**Dataset excerpt**

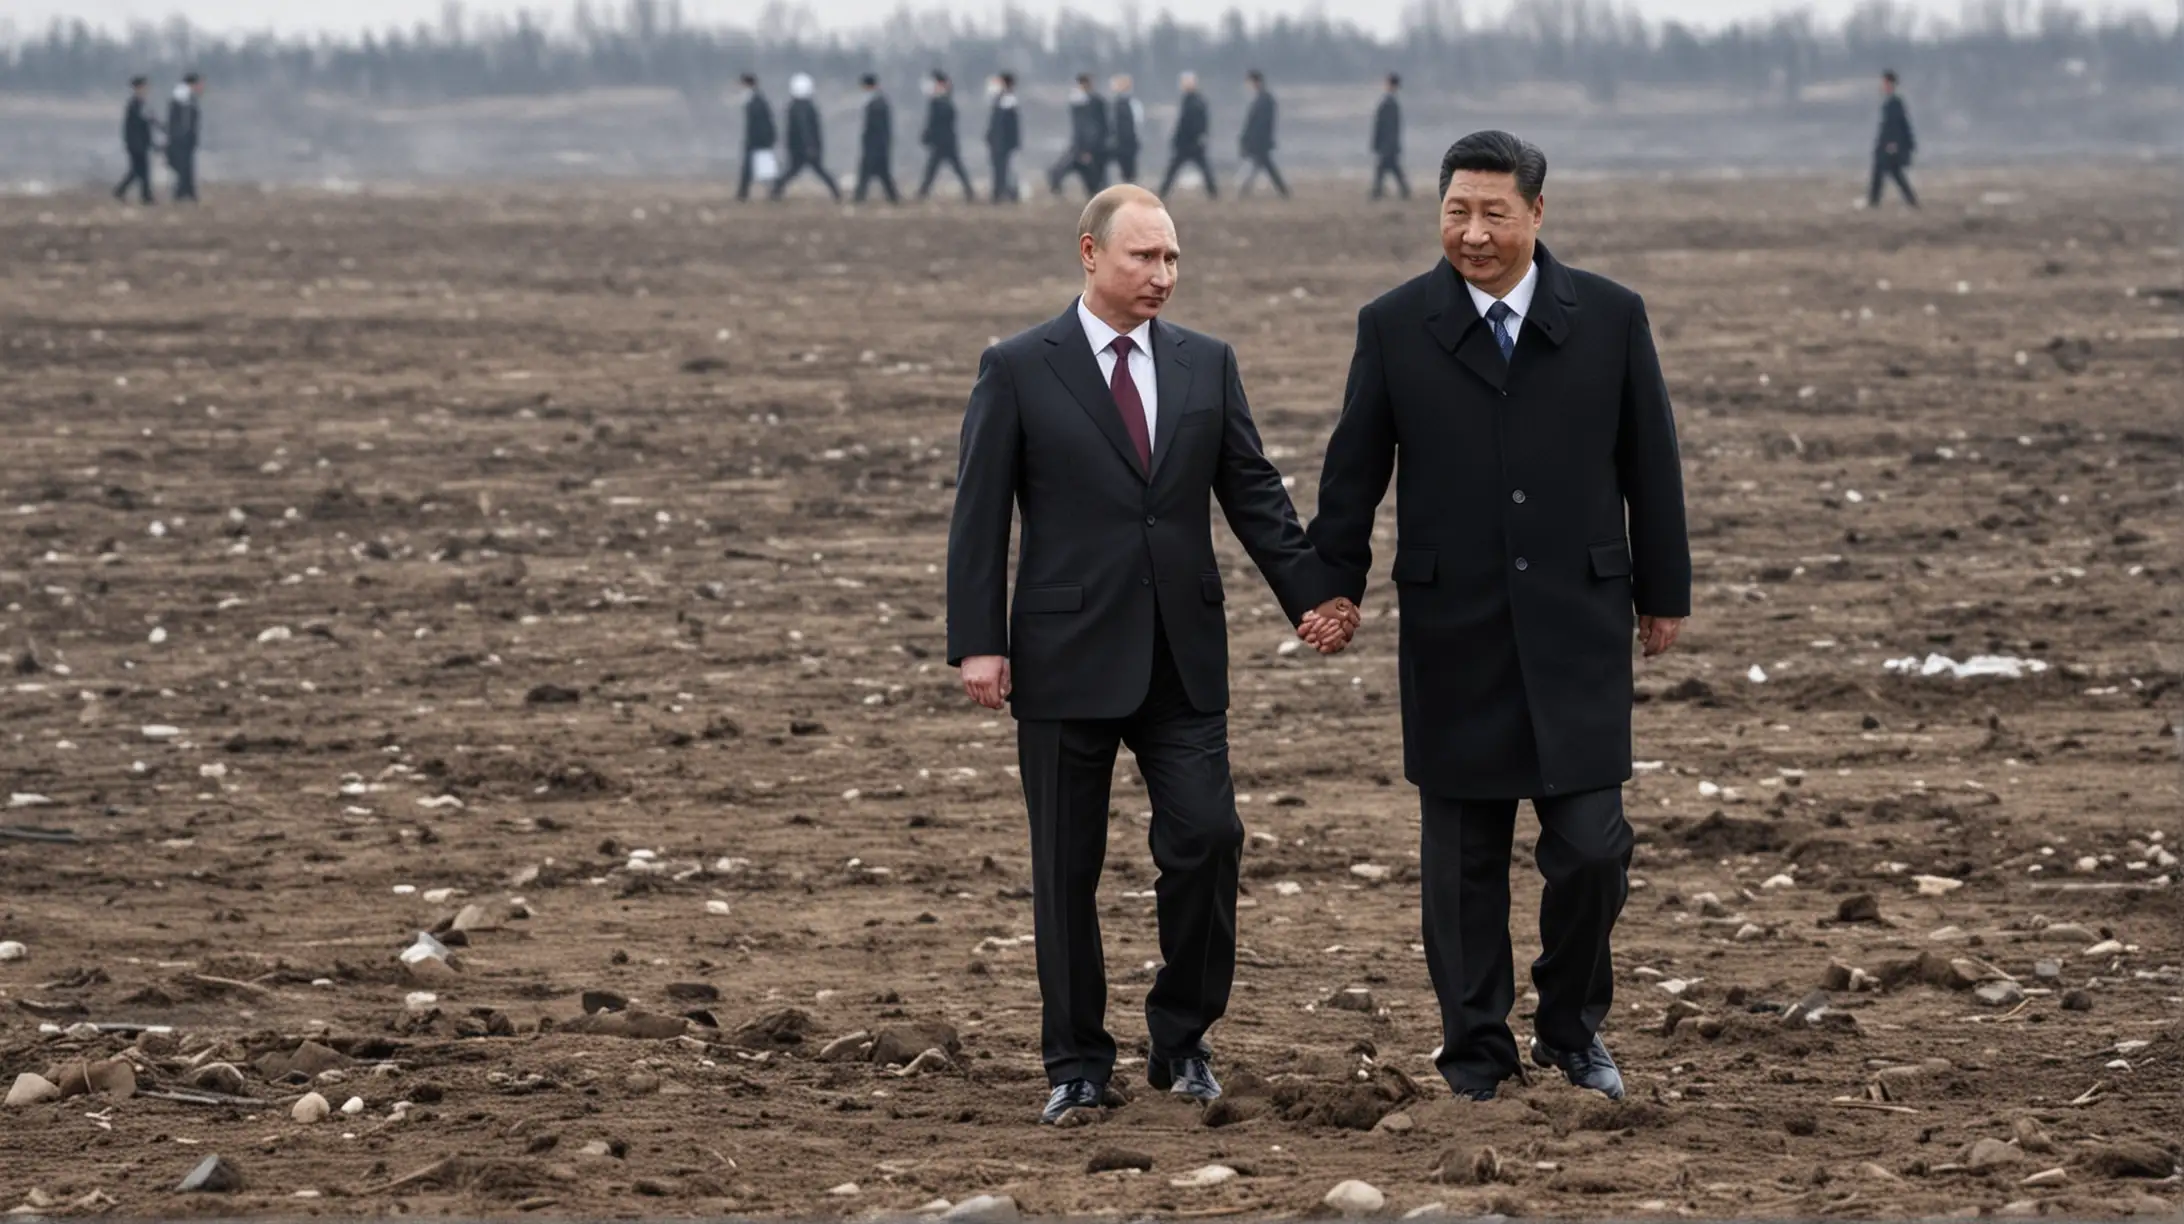 Leaders Vladimir Putin and Xi Jinping Walking Hand in Hand Across Battlefield
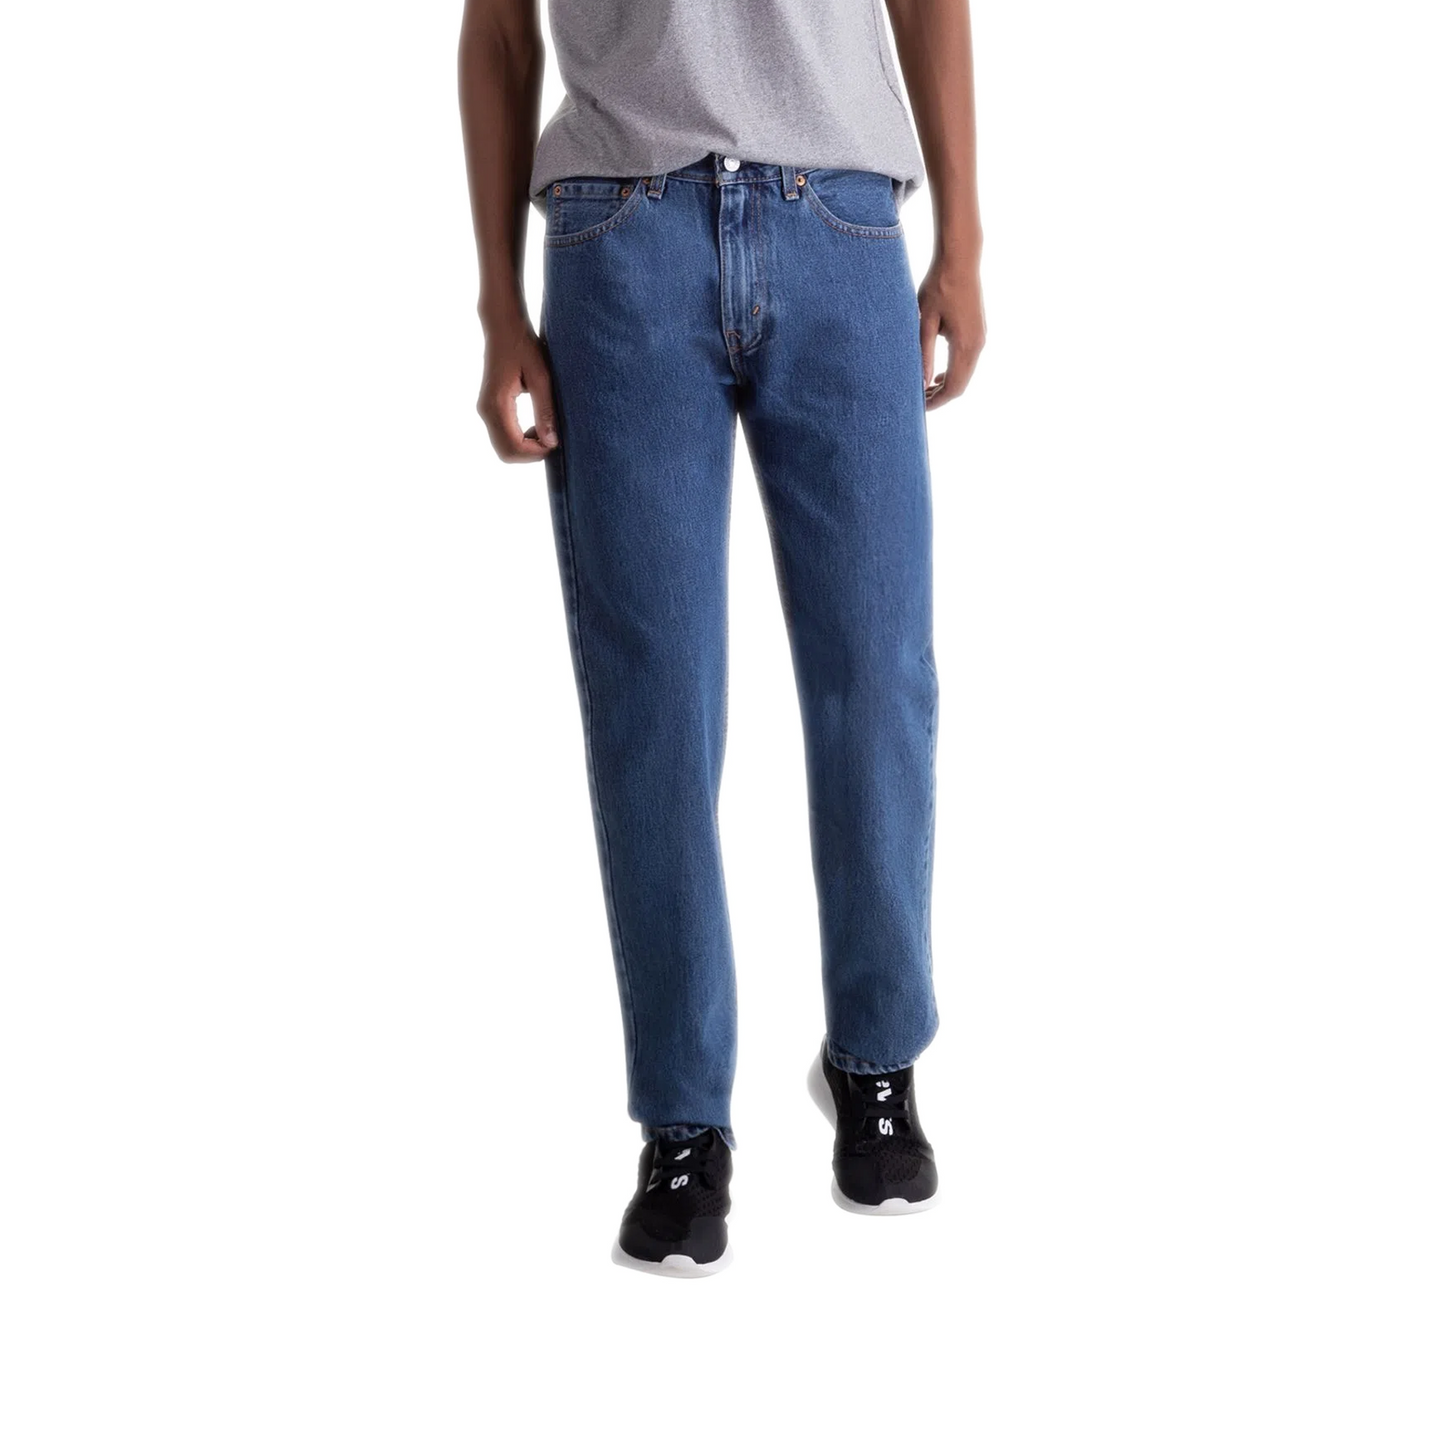 Men's Levi's 505 Regular Fit Jean - Medium Wash
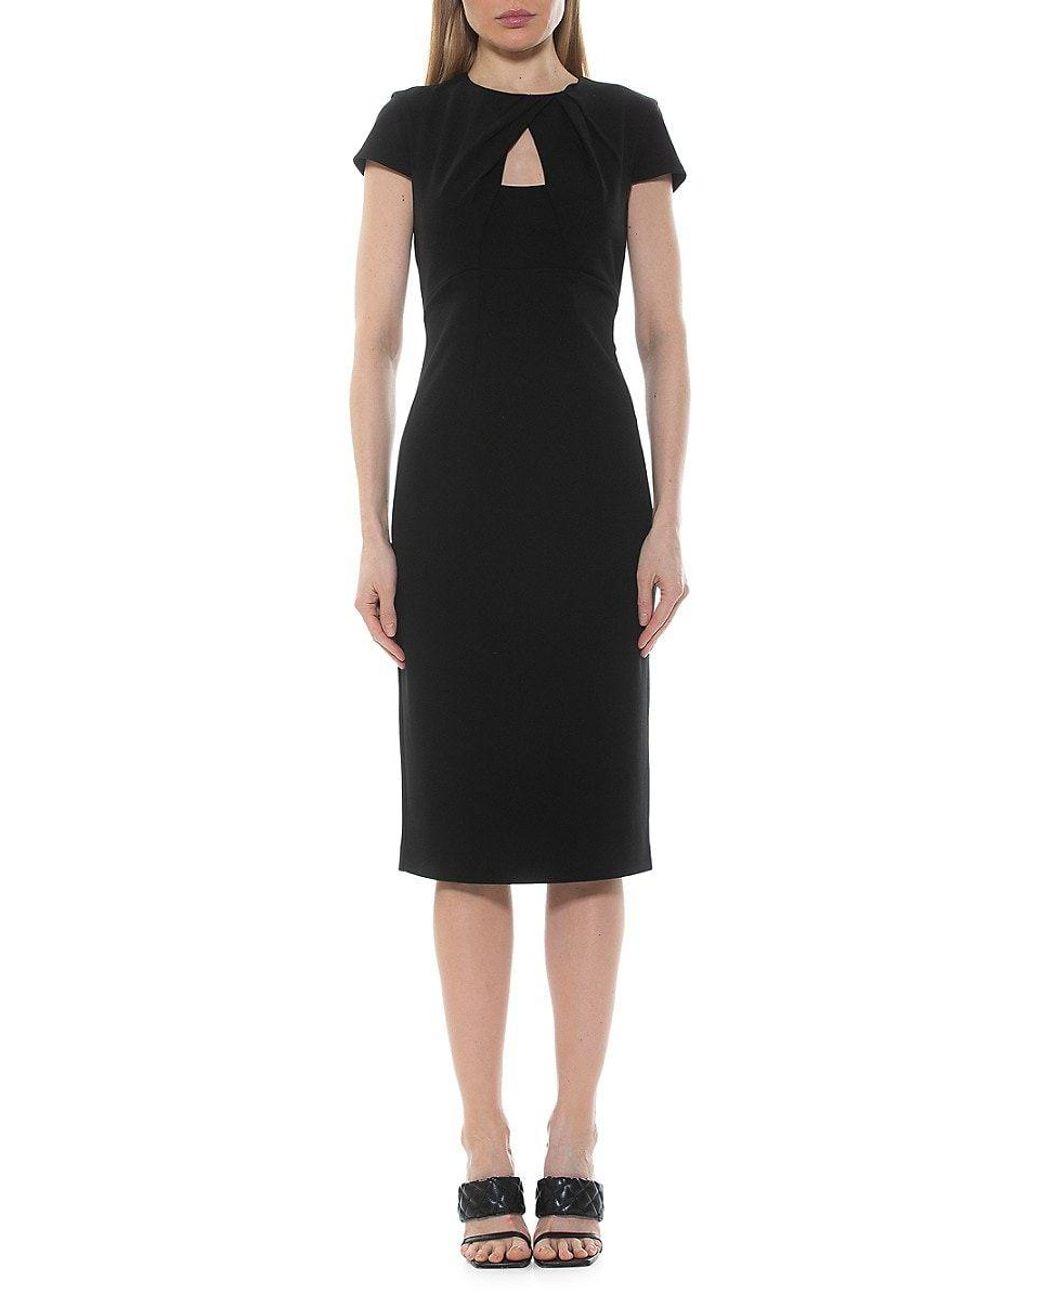 Alexia Admor Janine Keyhole Midi Sheath Dress in Black | Lyst

**Description of the task**
Which lines fall between the one containing "Men's Levi's 505" and the last line of the listing, both included? Give them again exactly, without the pictures.

**Output**
 Men's Levi's 505 Regular Fit Jean - Medium Wash
 Alexia Admor Janine Keyhole Midi Sheath Dress in Black | Lyst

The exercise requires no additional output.